** Opening Data extract block **

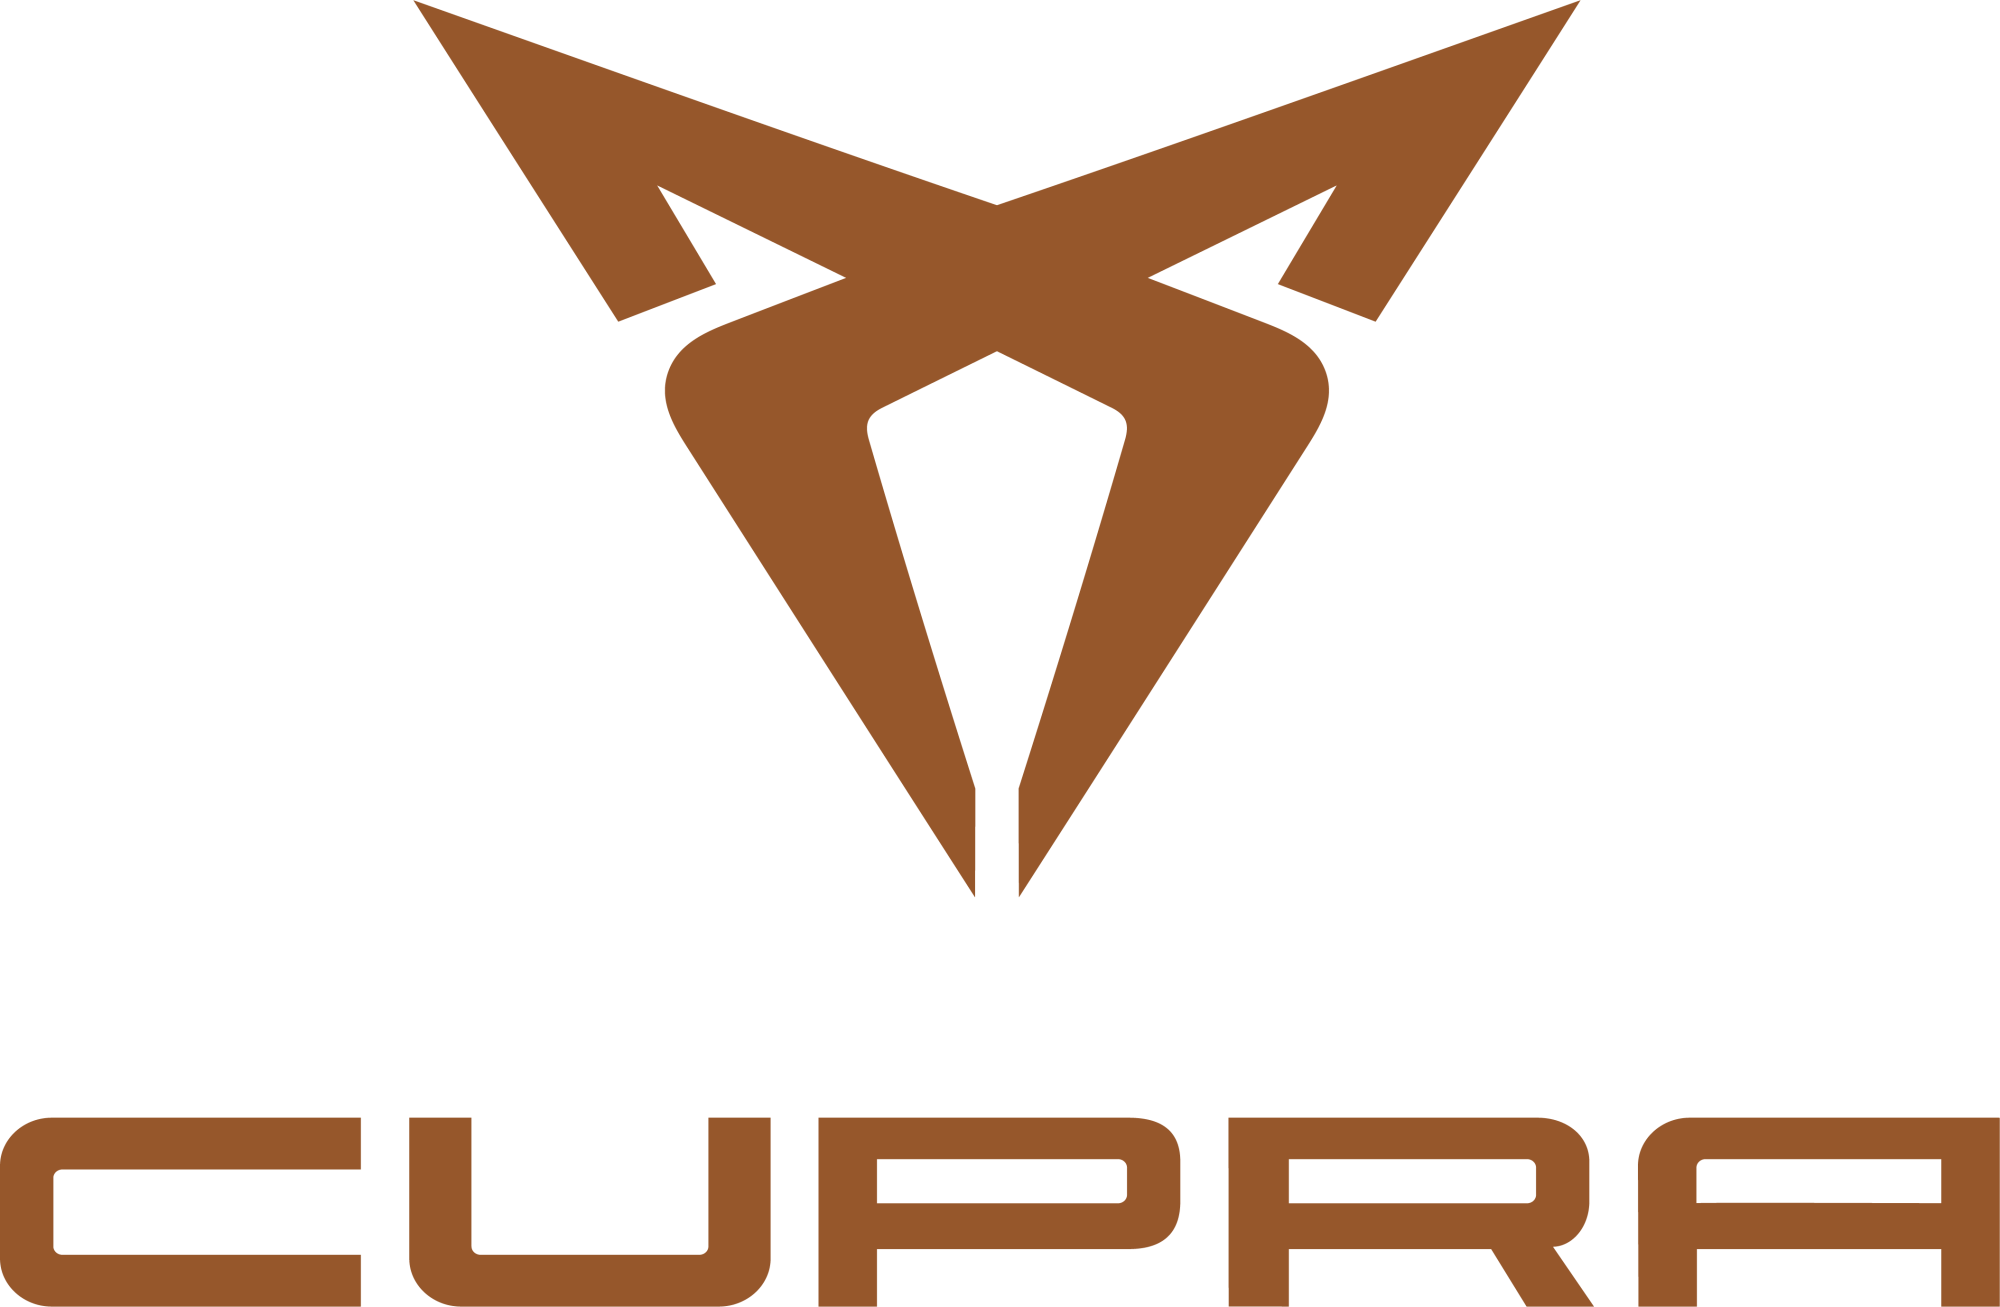 cupra-logo
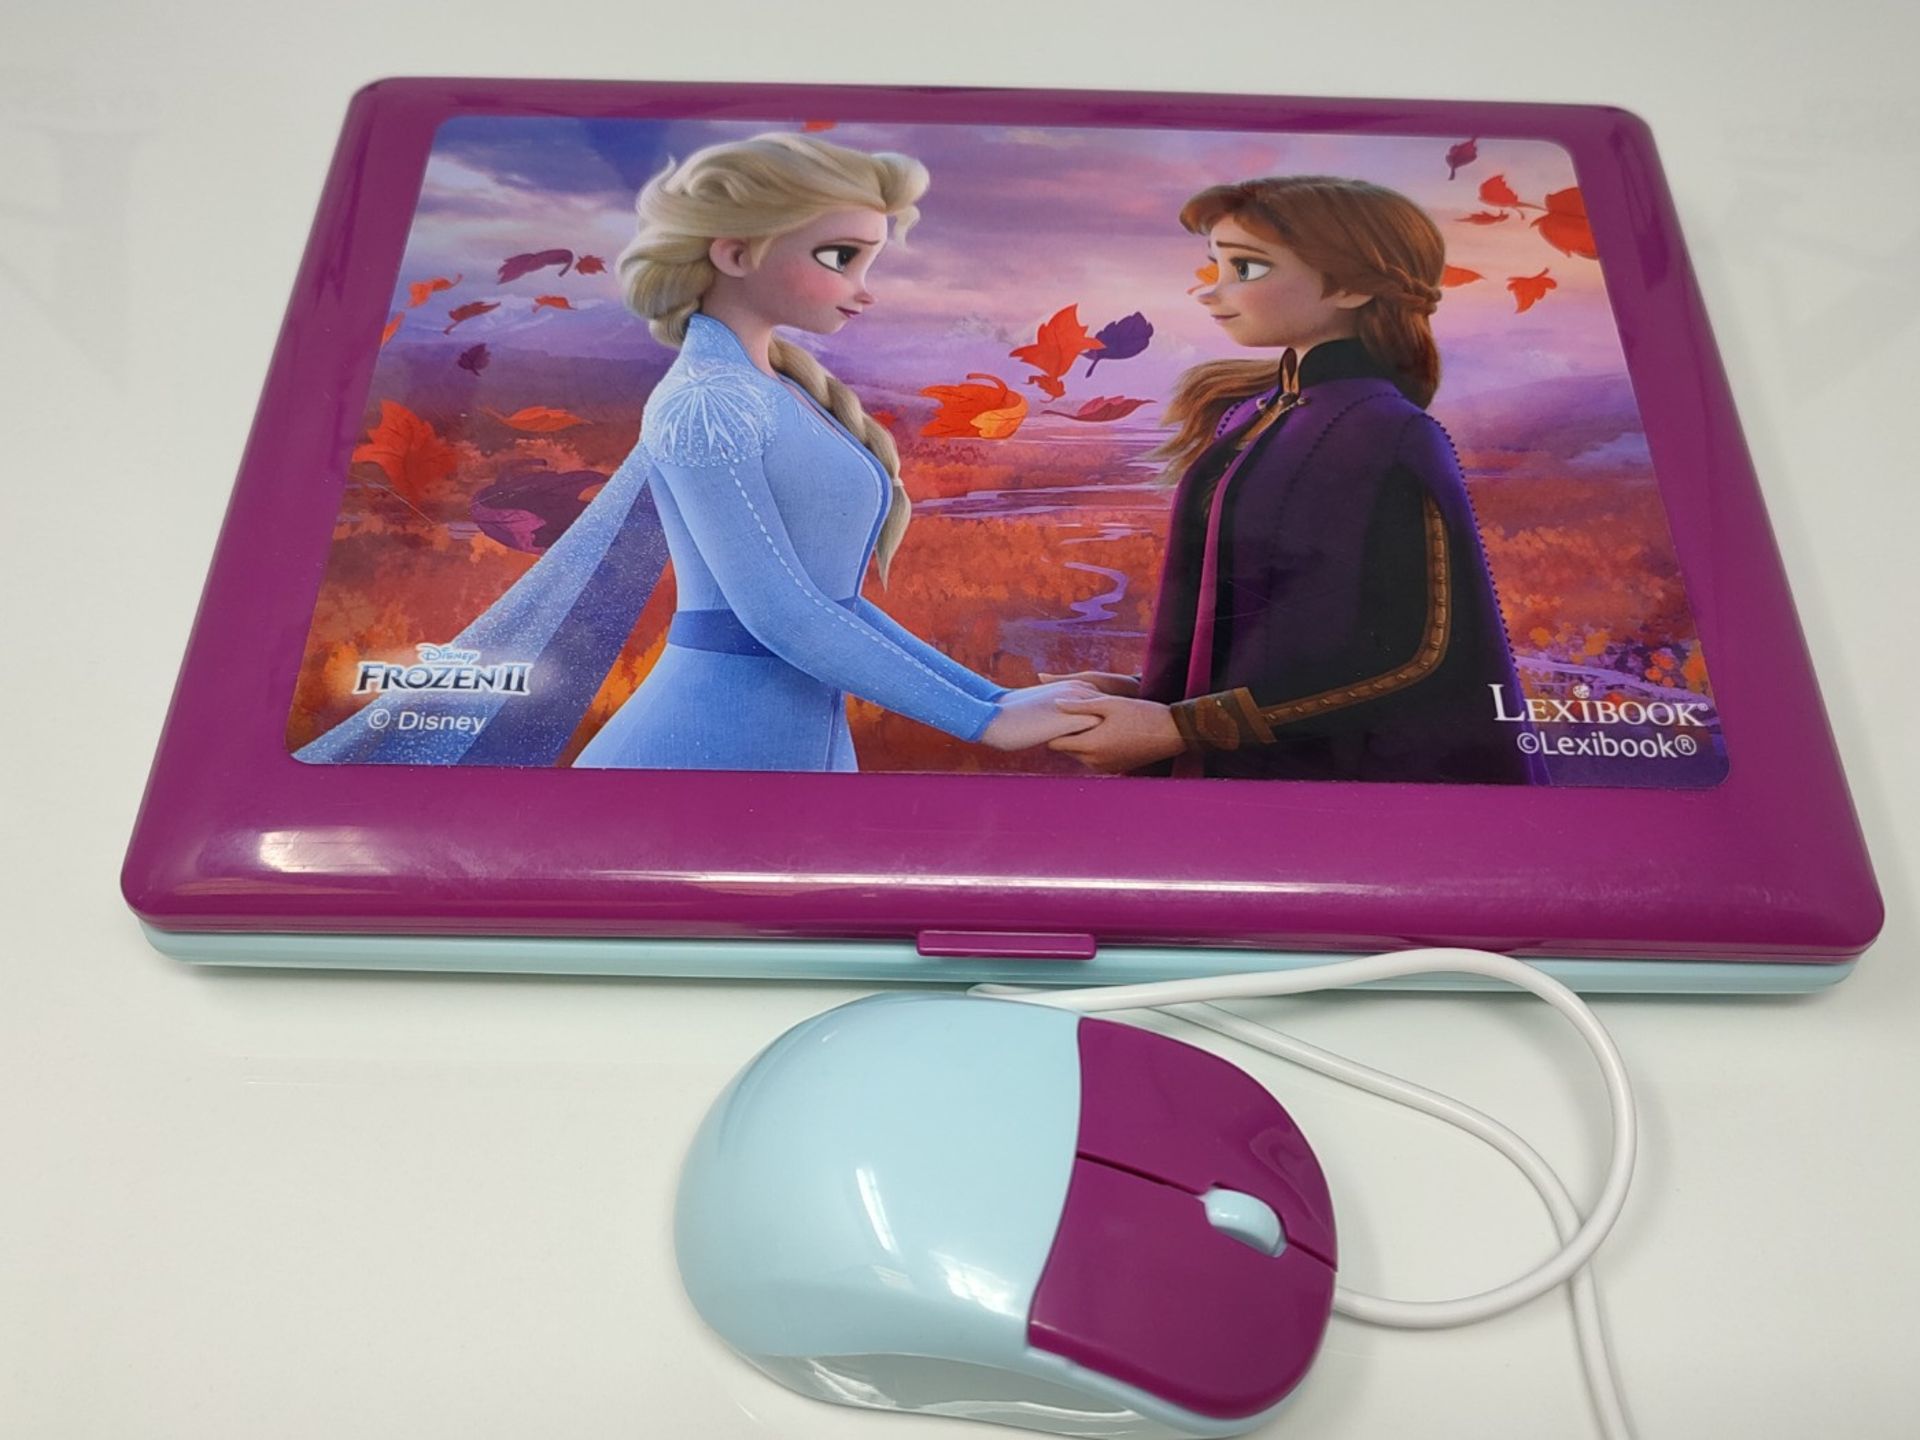 Lexibook Disney Frozen 2 - Educational and Bilingual Laptop German/English - Girls Toy - Image 3 of 3
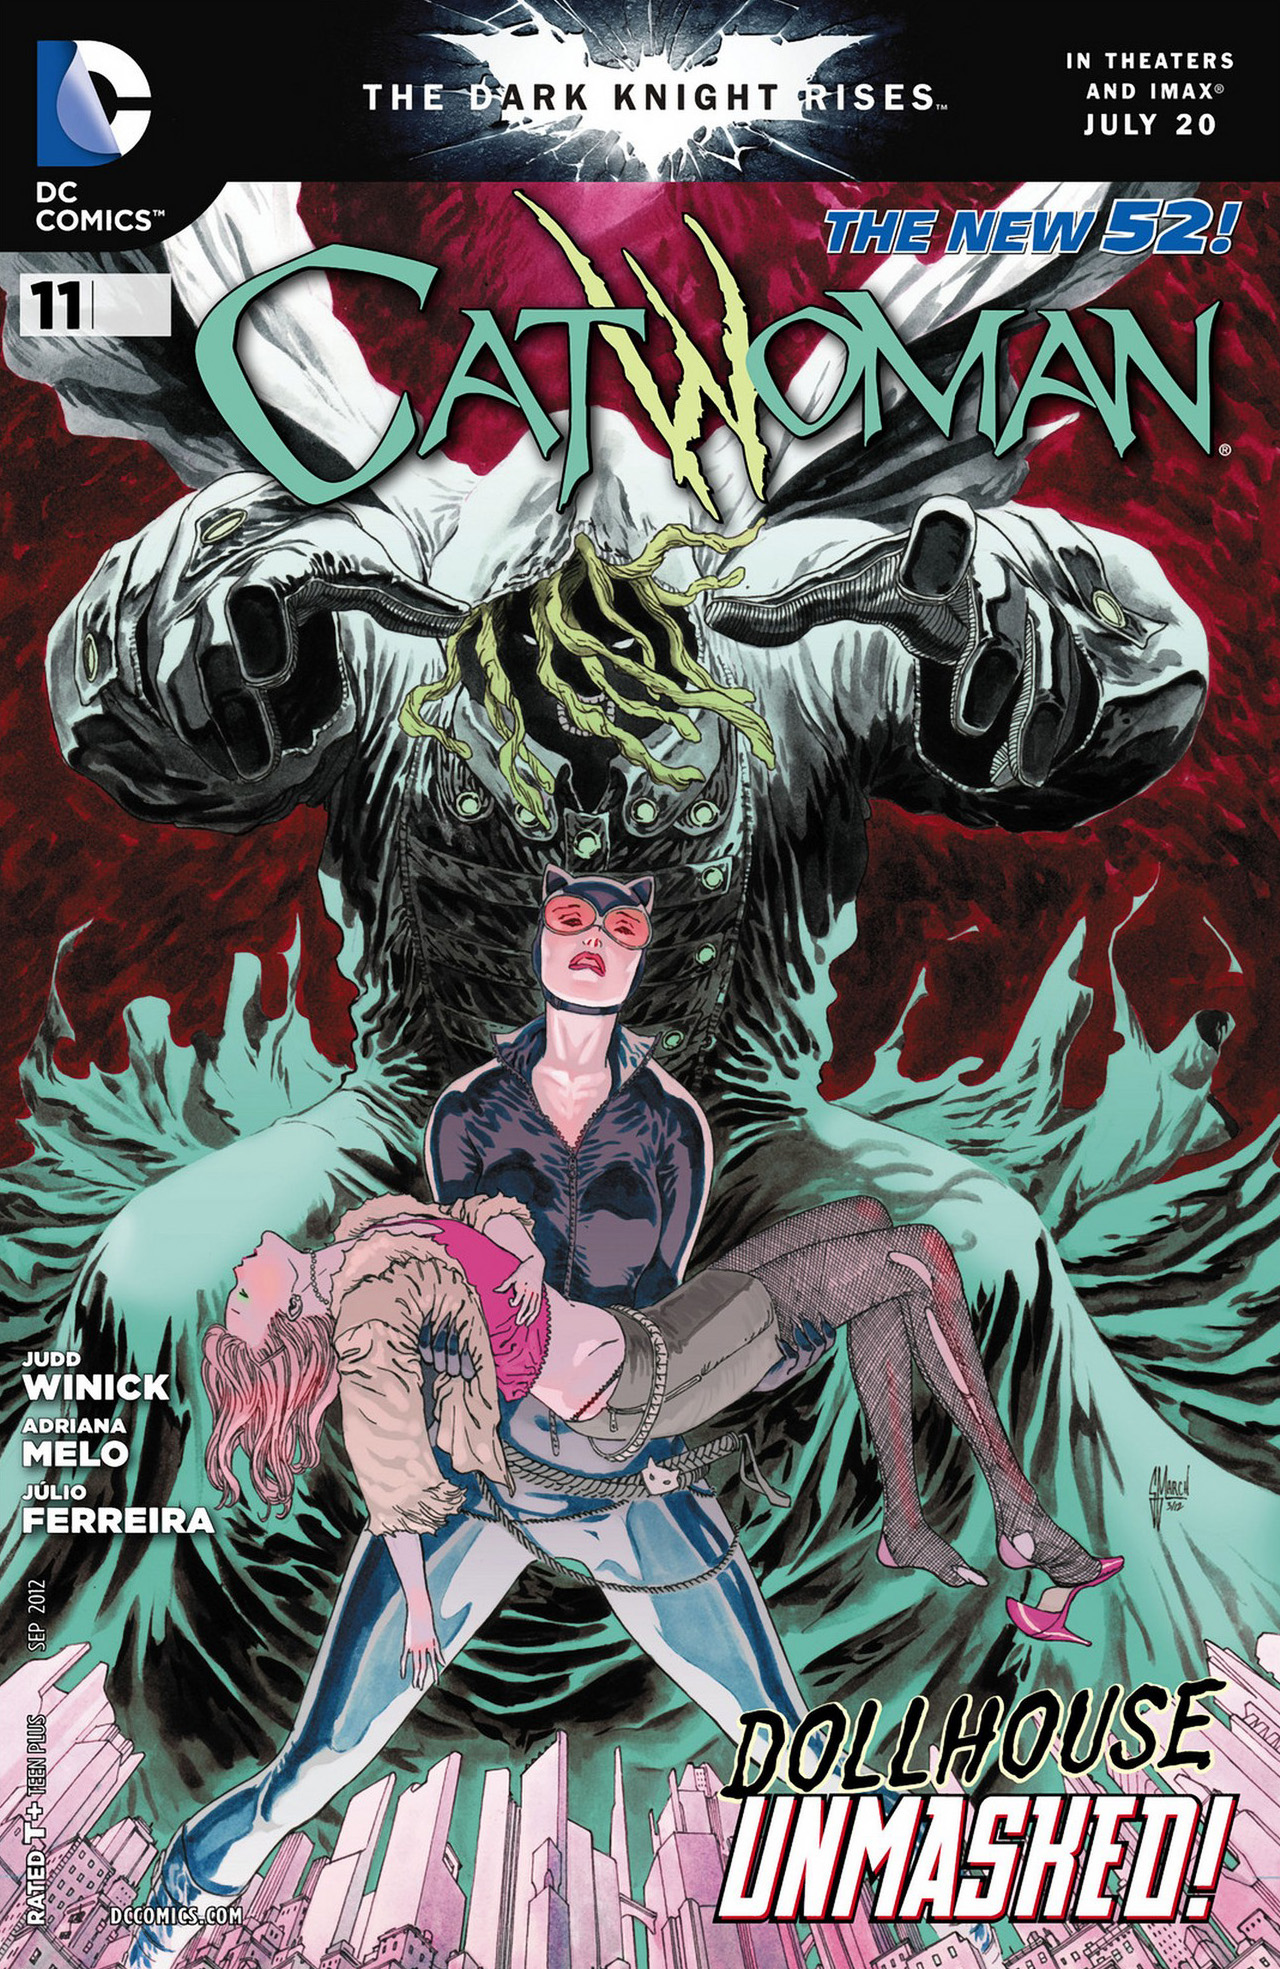 Catwoman Volume 4 Issue 11 Batman Wiki Fandom Powered By Wikia
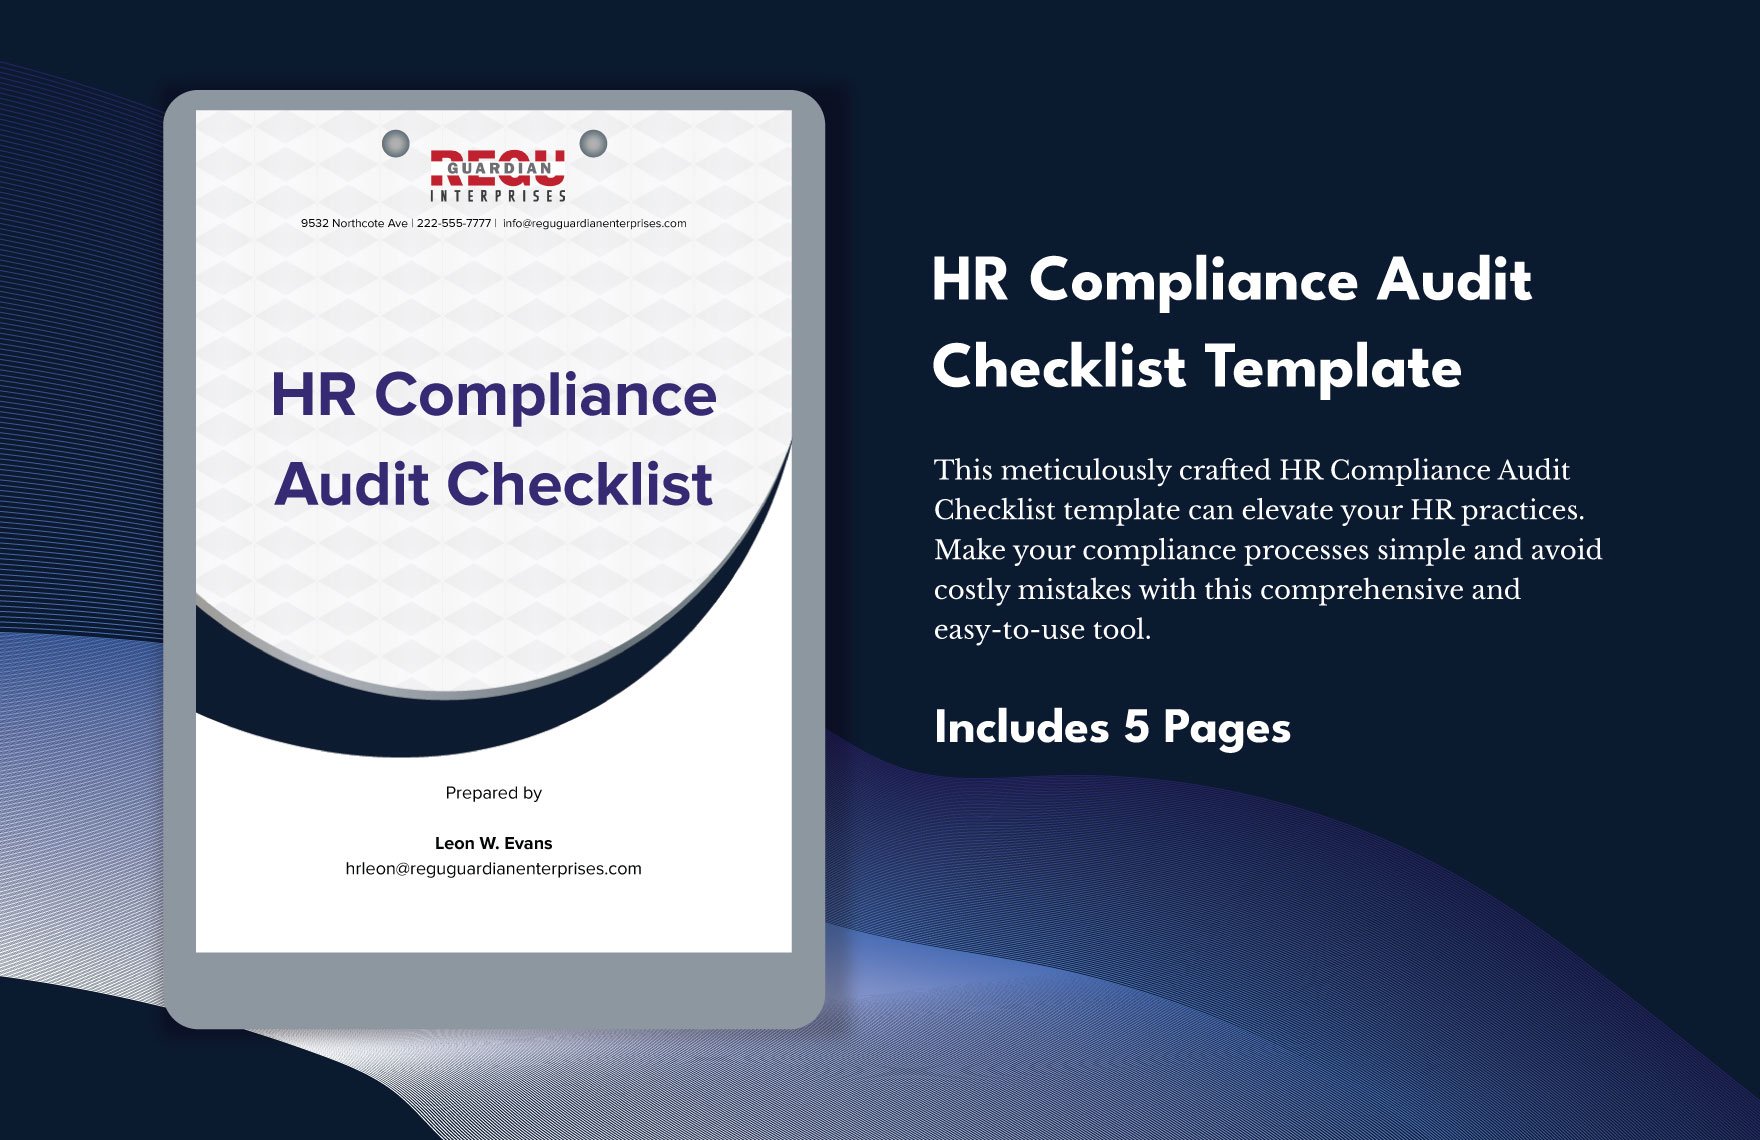 HR Compliance Audit Checklist Template

** Closing Data extract block **

Assignment: Please reproduce verbatim the lines from the line with "Catwoman Volume 4" through the final line of the listing, inclusive of both ends. Omit all pictures.

Result:
 Catwoman Volume 4 Issue 11 Batman Wiki Fandom Powered By Wikia
 HR Compliance Audit Checklist Template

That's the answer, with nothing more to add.